Housing Vermont
- Company type: Non-Profit
- Industry: Affordable housing
- Founded: 1988
- Headquarters: Vermont, United States
- Area served: Vermont
- Key people: Andrew Broderick
- Products: Affordable housing
- Website: http://www.hvt.org/home

= Housing Vermont =

American not-for-profit syndication and development company

Housing Vermont is a not-for-profit syndication and development company founded in 1988. It creates rental housing intended to be permanent and affordable for Vermonters through partnerships with local organizations, public agencies and the private sector. It has produced more than 4,000 apartments in 131 different developments. It is headquartered in Burlington, Vermont.

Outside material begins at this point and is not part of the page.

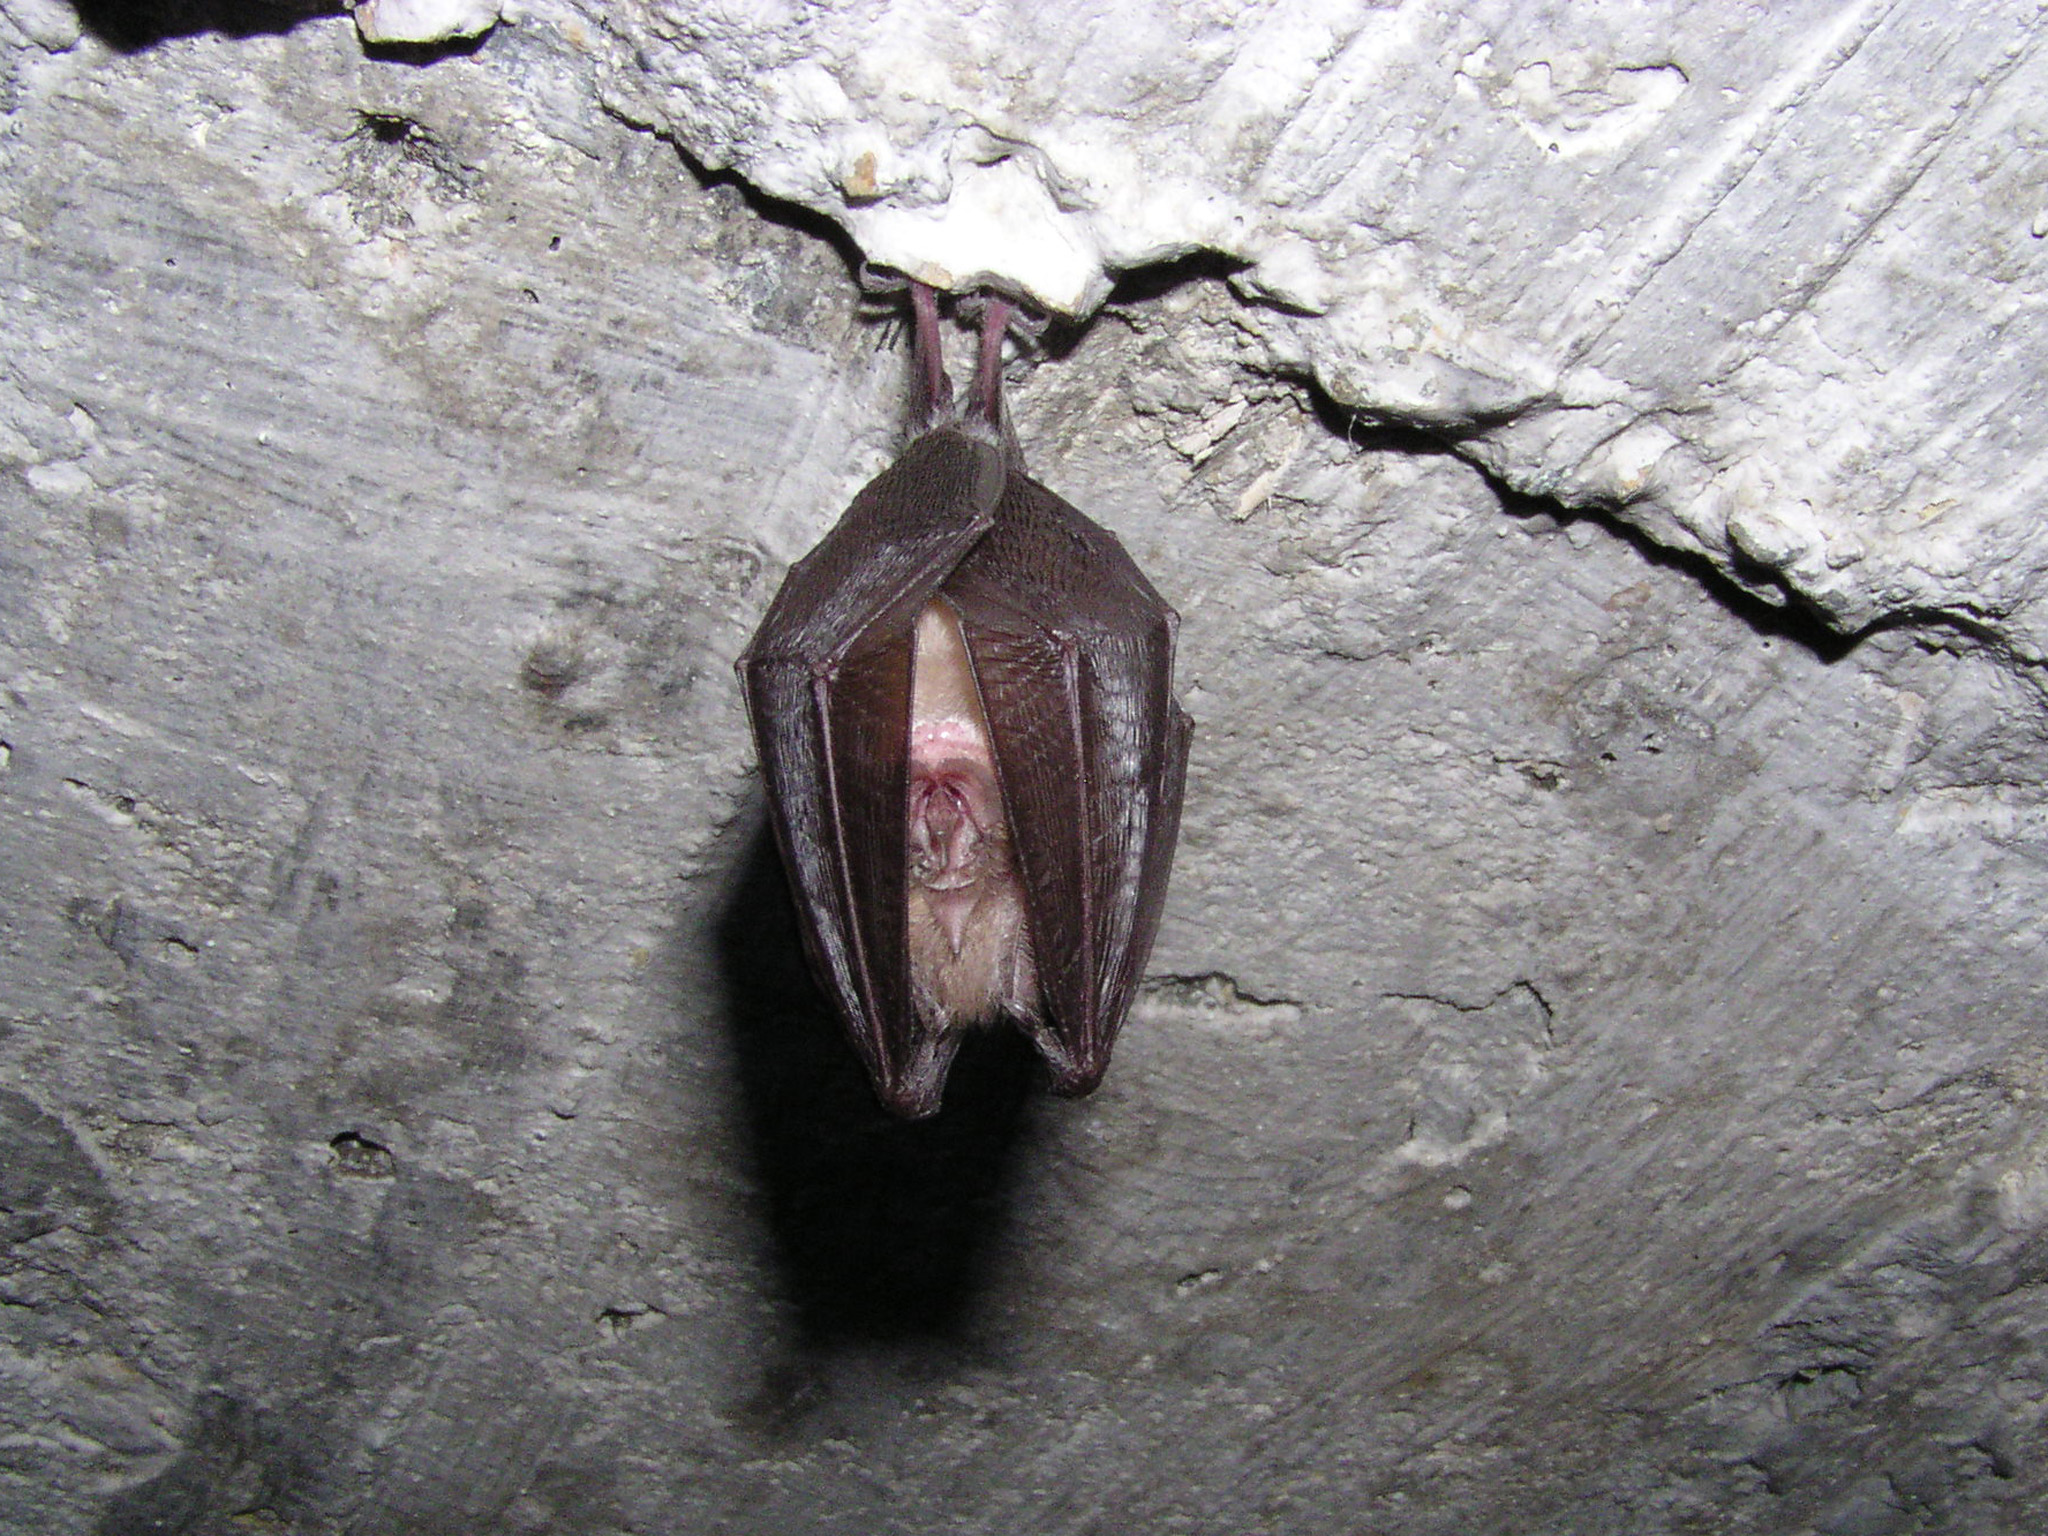 Lesser horseshoe bat [photo courtesy of Mike Castle]

It is Vermont’s largest developer of affordable housing.

==History==
In 2009, it employed 100 people.

==Funding==
As of 2008, it had raised $163 million for its projects.

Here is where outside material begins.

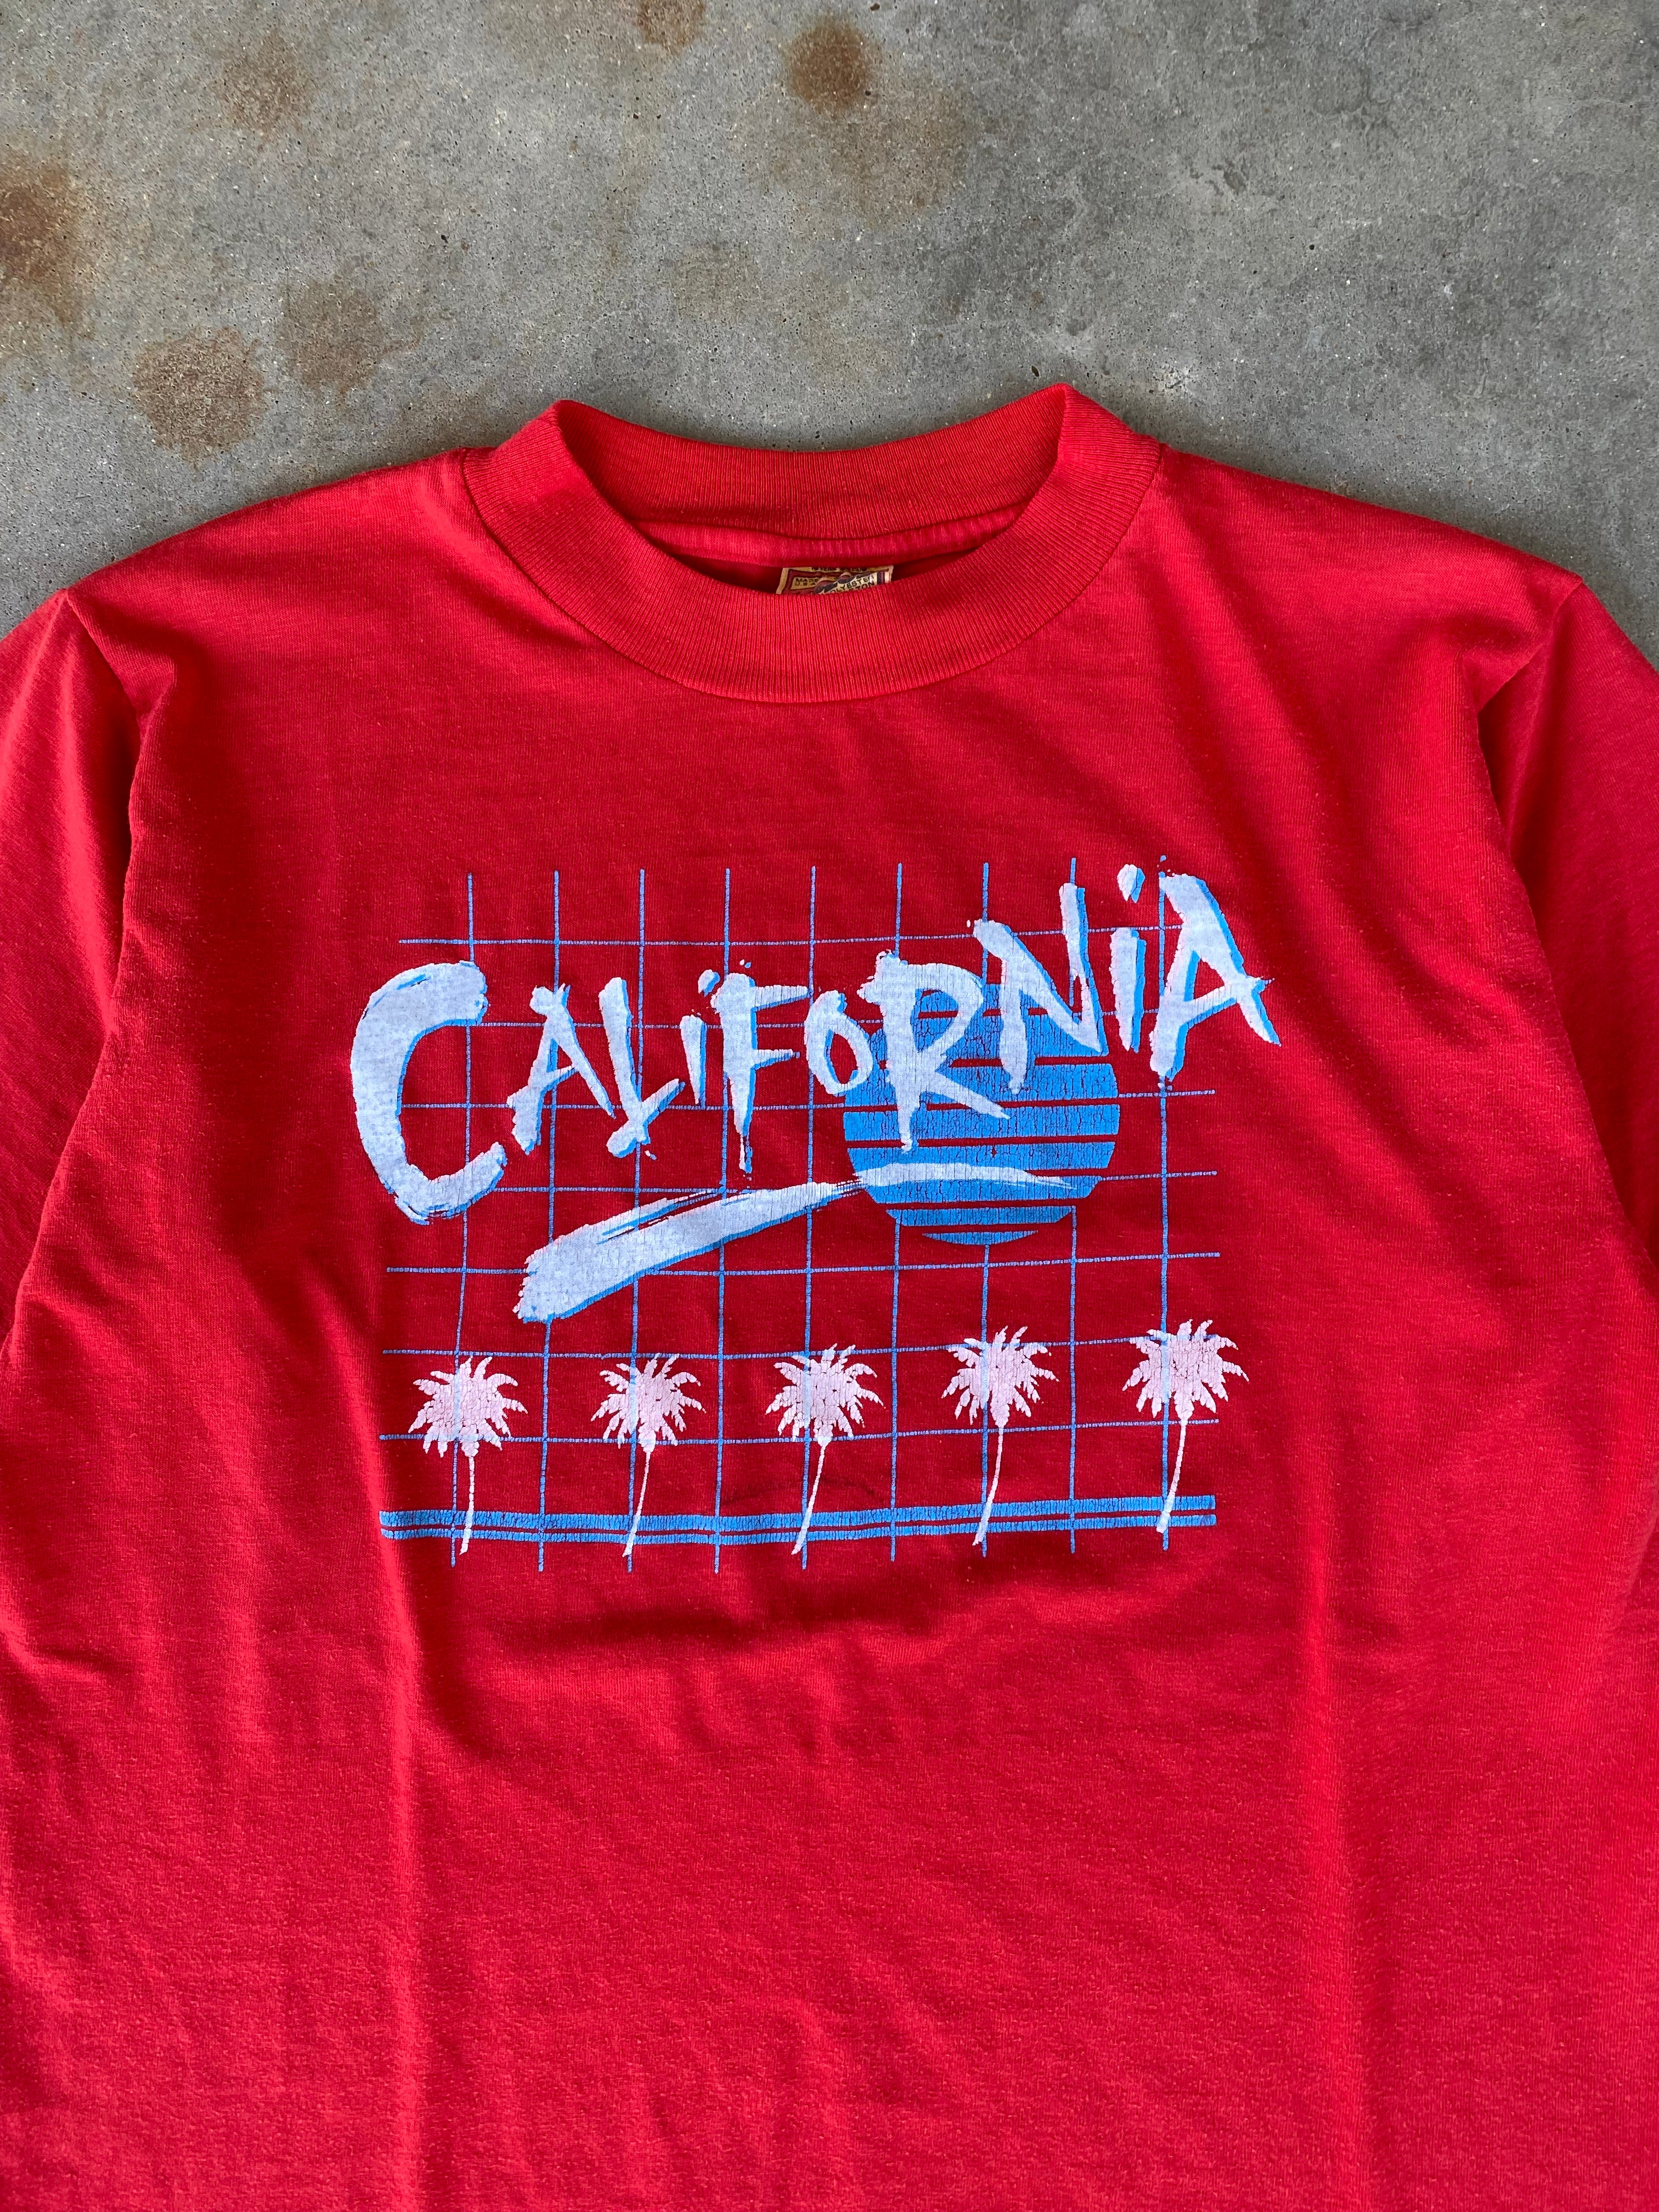 1980s California T-Shirt (S/M)

In 2003, Housing Vermont formed the Green Mountain Housing Equity Fund with a total investment of $14 million from nine investors. The Fund’s dollars were spread out over nine projects and it provided an internal rate of return of 7.75%. This allowed the agency to finance projects in which it was not the co-developer.

Green Mountain Housing Equity Fund II was created in 2005 with total capital of $22 million. In all, commitments were made to seven developments, which created 232 new homes.

The agency's third offering closed in 2007 with a total investment of $25 million.

==Organization==
It has 16 managers for its properties, including the Vermont State Housing Authority. There are developments in all of Vermont's 14 counties.

It is managed by an 11-member board of directors. It has a staff of 21. It has a budget of nearly $3 million.

Key people include:
- President - Andrew Broderick. Salary - $102,700
- Vice President - Kathleen Cannon. Salary - $88,000.
- Vice President - Kenn Sassorossi. Salary - $80,100
- Vice President - Nancy Owens. Salary - $65,603.